## EXERCISE OBJECTIVE
Write out each line of the material exactly as given, and drop the images.

## MATERIAL PROVIDED
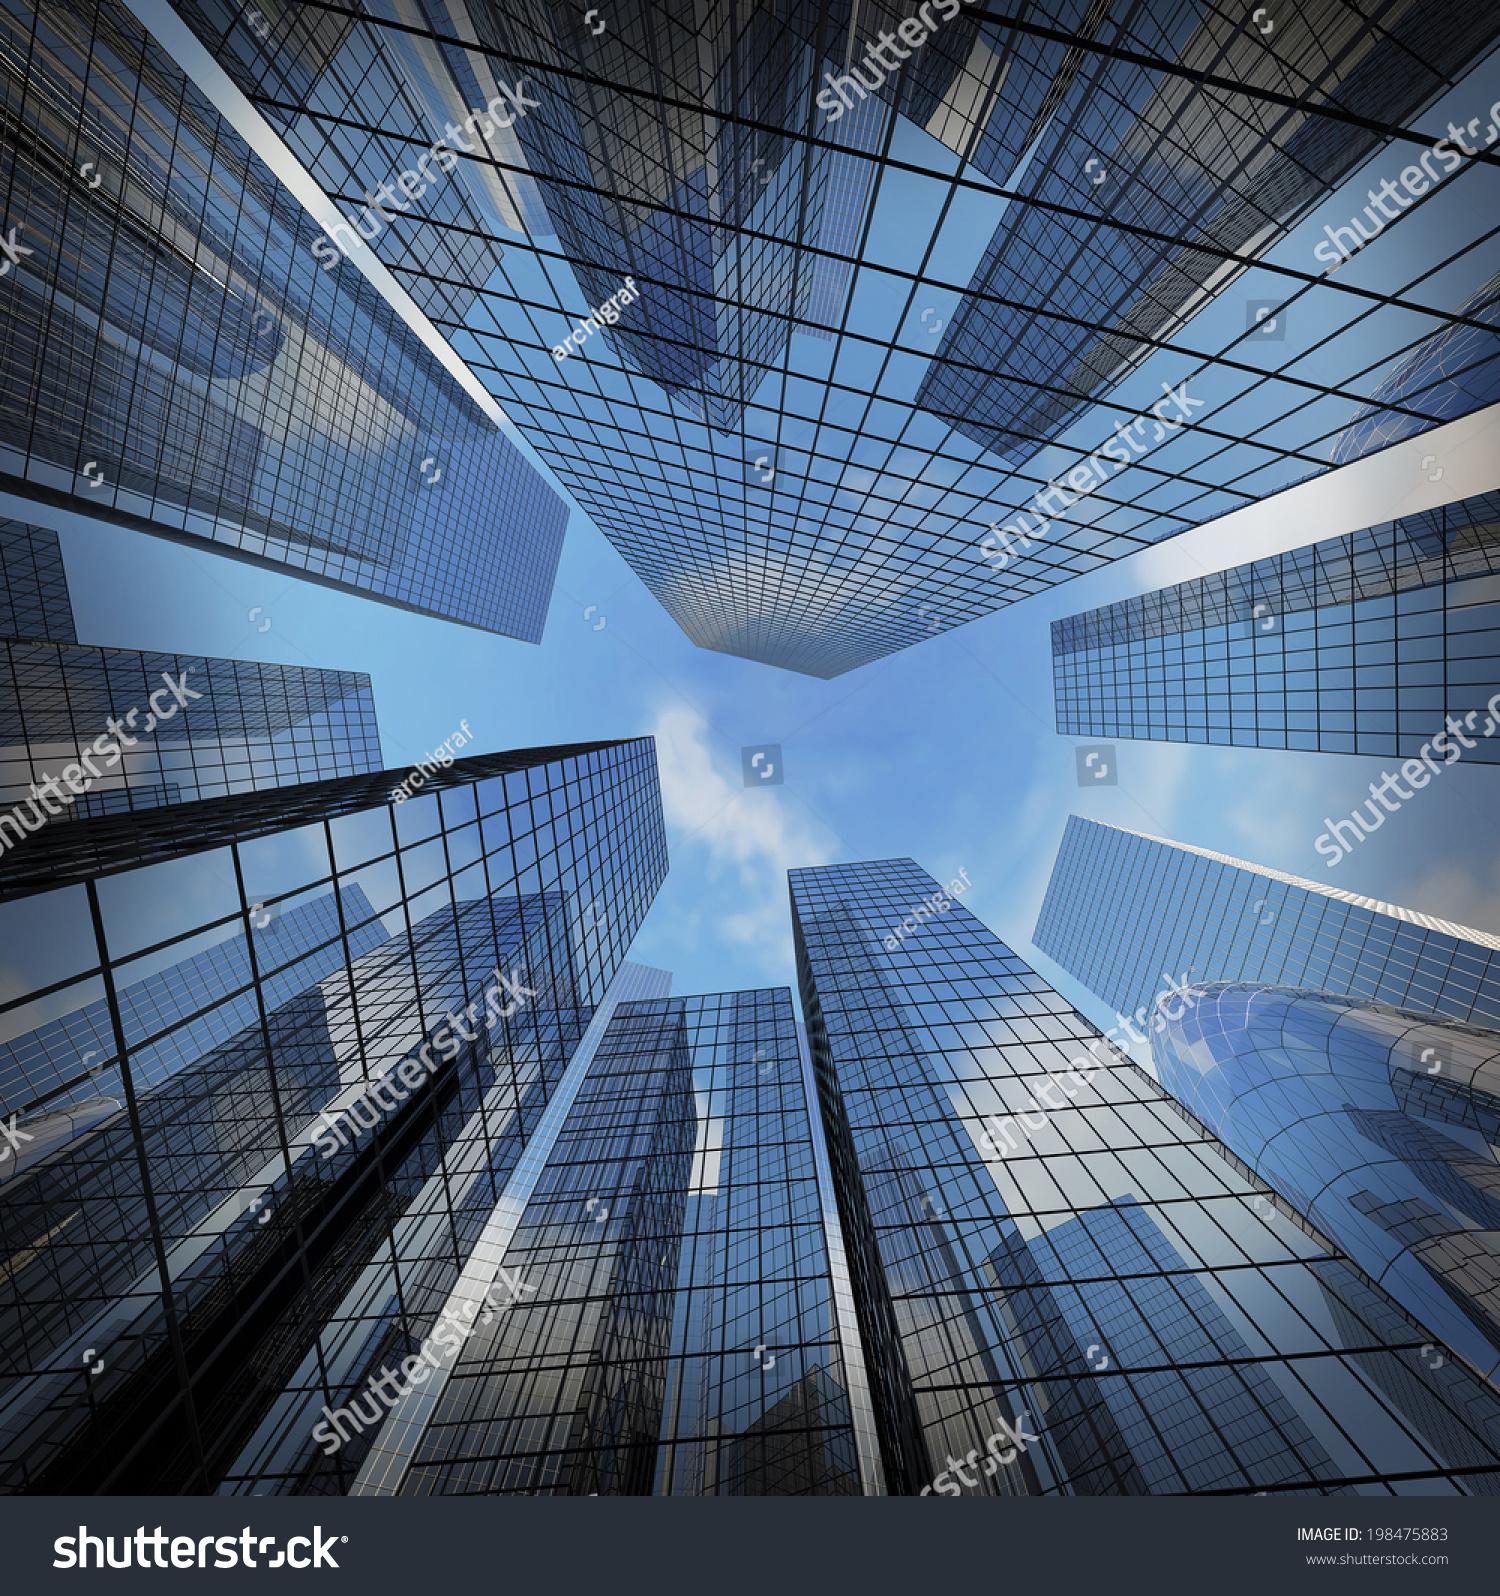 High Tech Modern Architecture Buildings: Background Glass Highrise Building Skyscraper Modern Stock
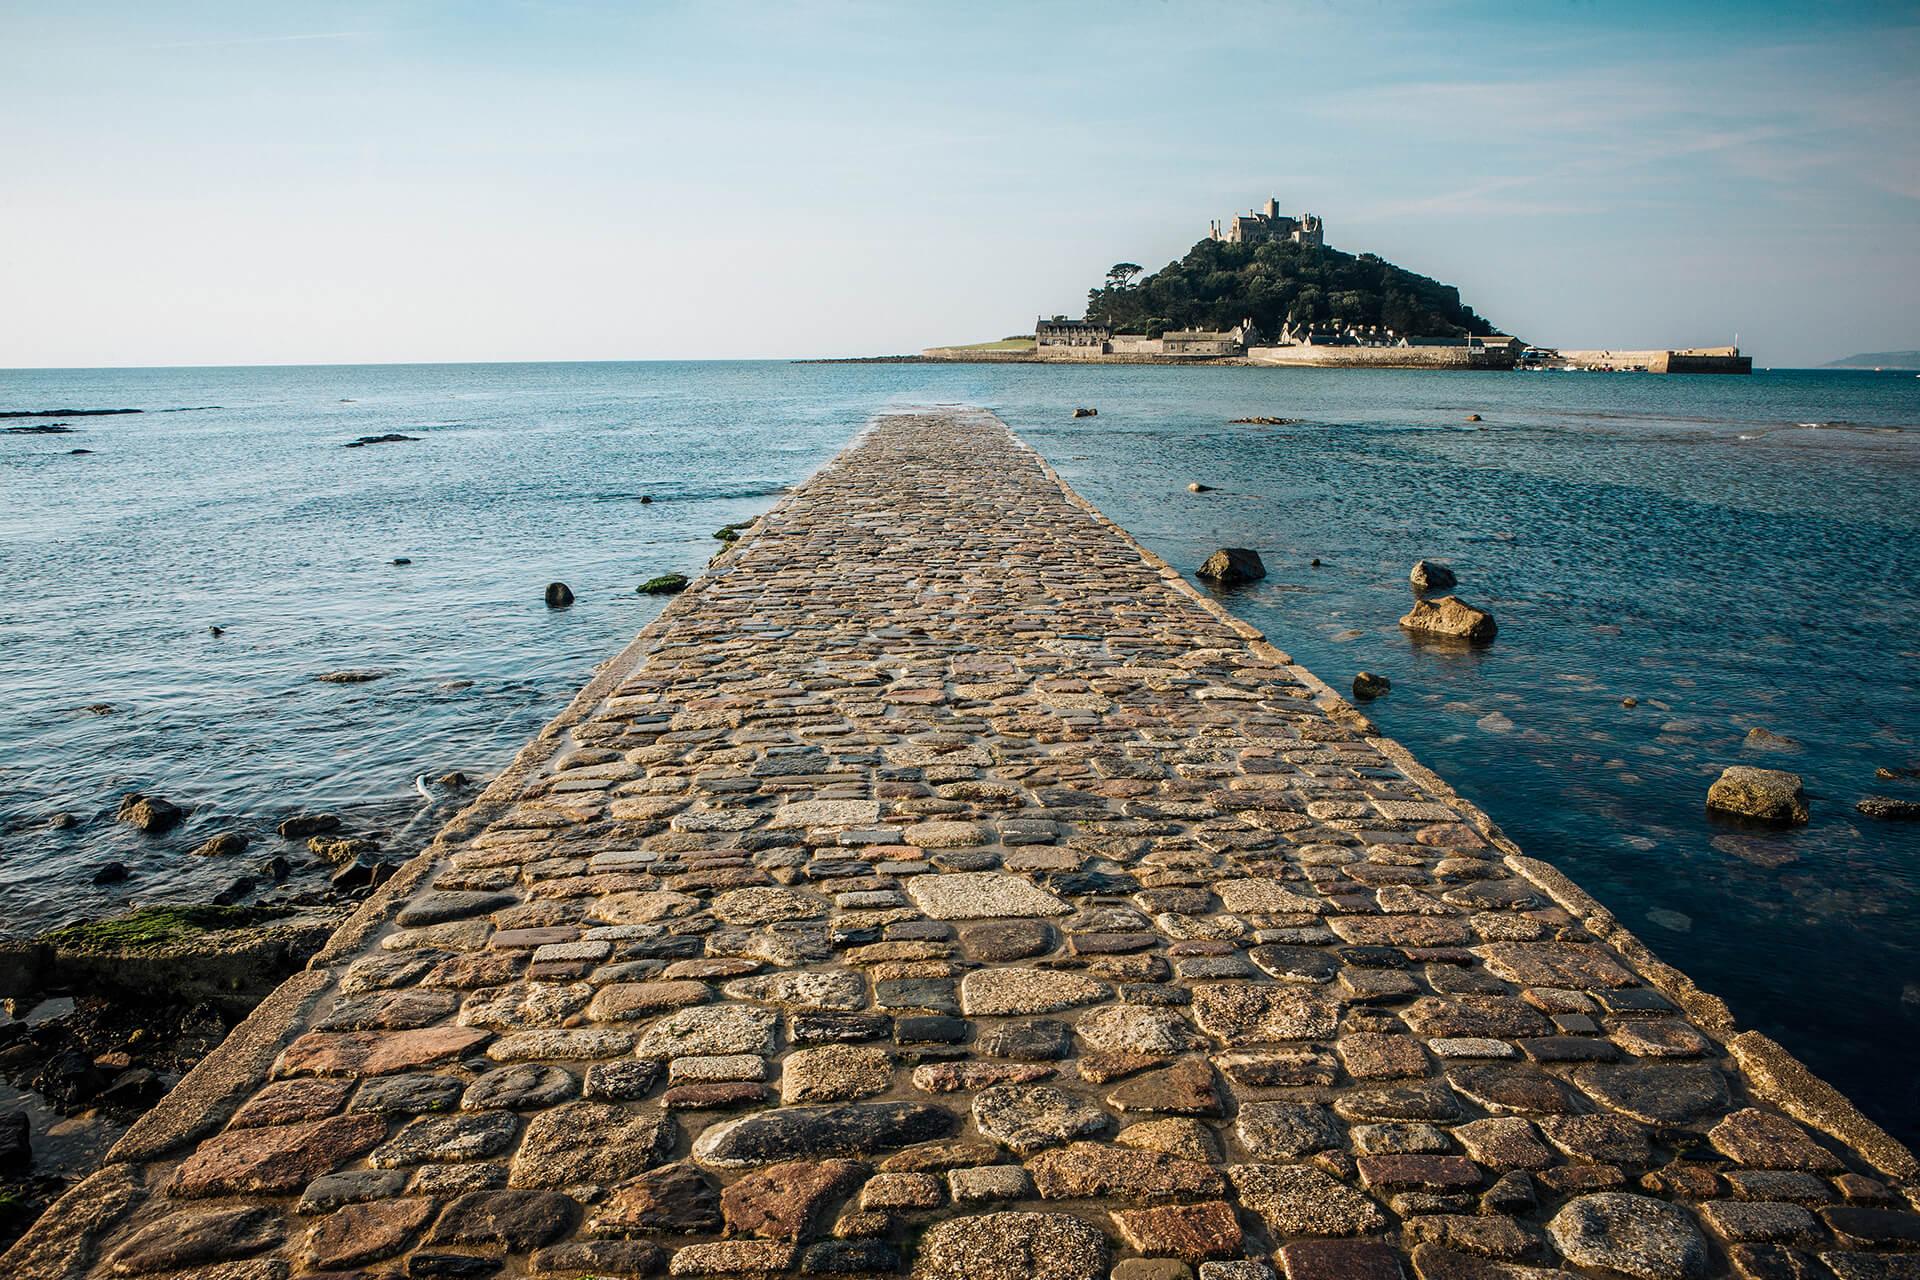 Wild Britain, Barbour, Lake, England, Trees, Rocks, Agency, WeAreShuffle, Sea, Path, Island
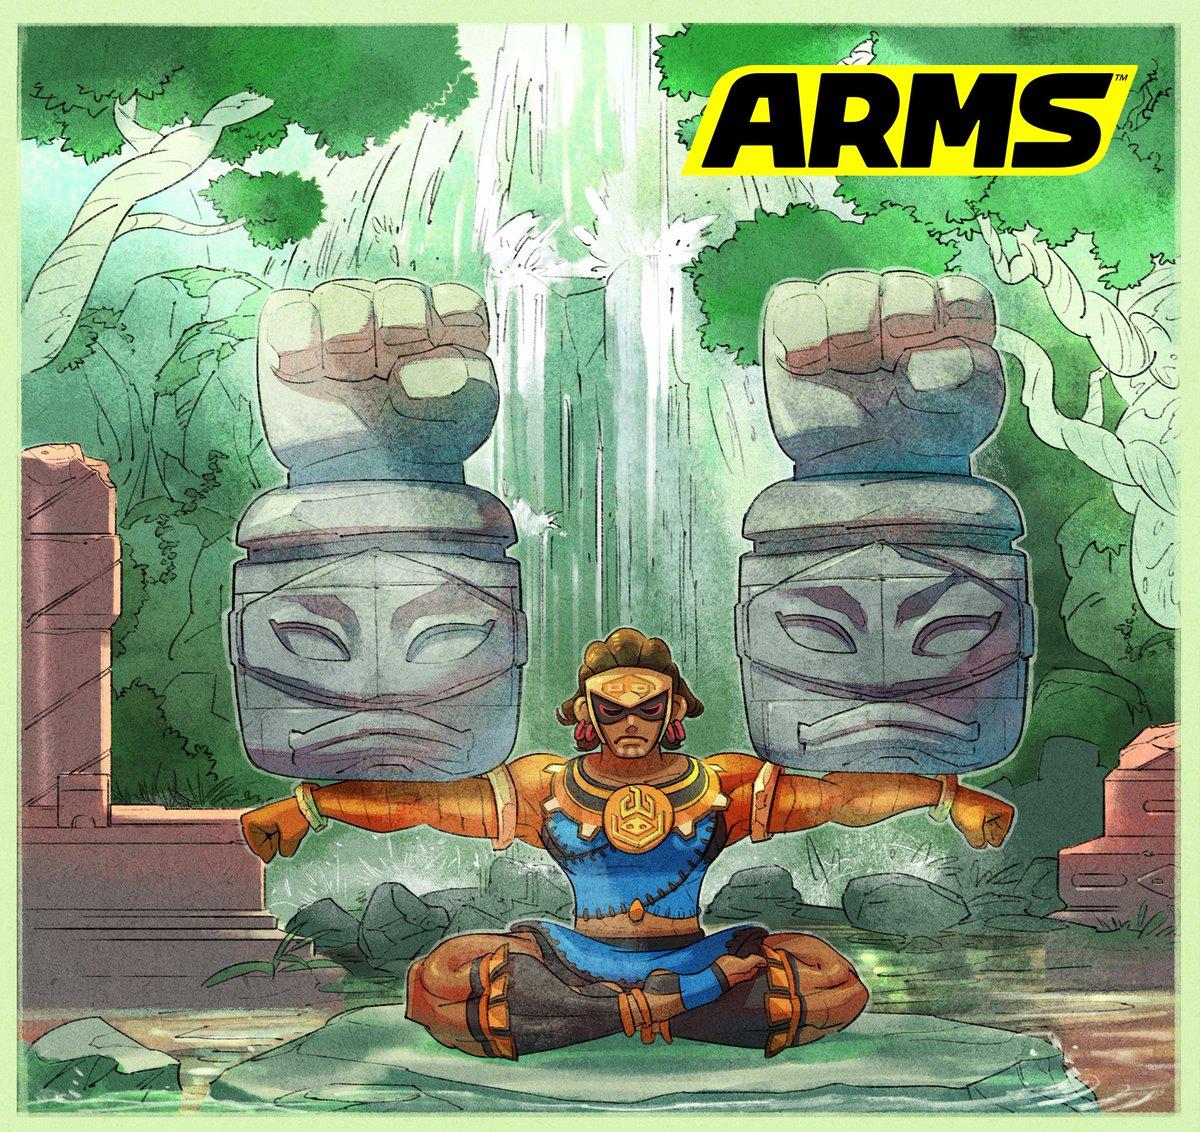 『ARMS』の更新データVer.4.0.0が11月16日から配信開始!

## TASK RESULT
 High Tech Modern Architecture Buildings: Background Glass Highrise Building Skyscraper Modern Stock
 Wild Britain, Barbour, Lake, England, Trees, Rocks, Agency, WeAreShuffle, Sea, Path, Island
 『ARMS』の更新データVer.4.0.0が11月16日から配信開始!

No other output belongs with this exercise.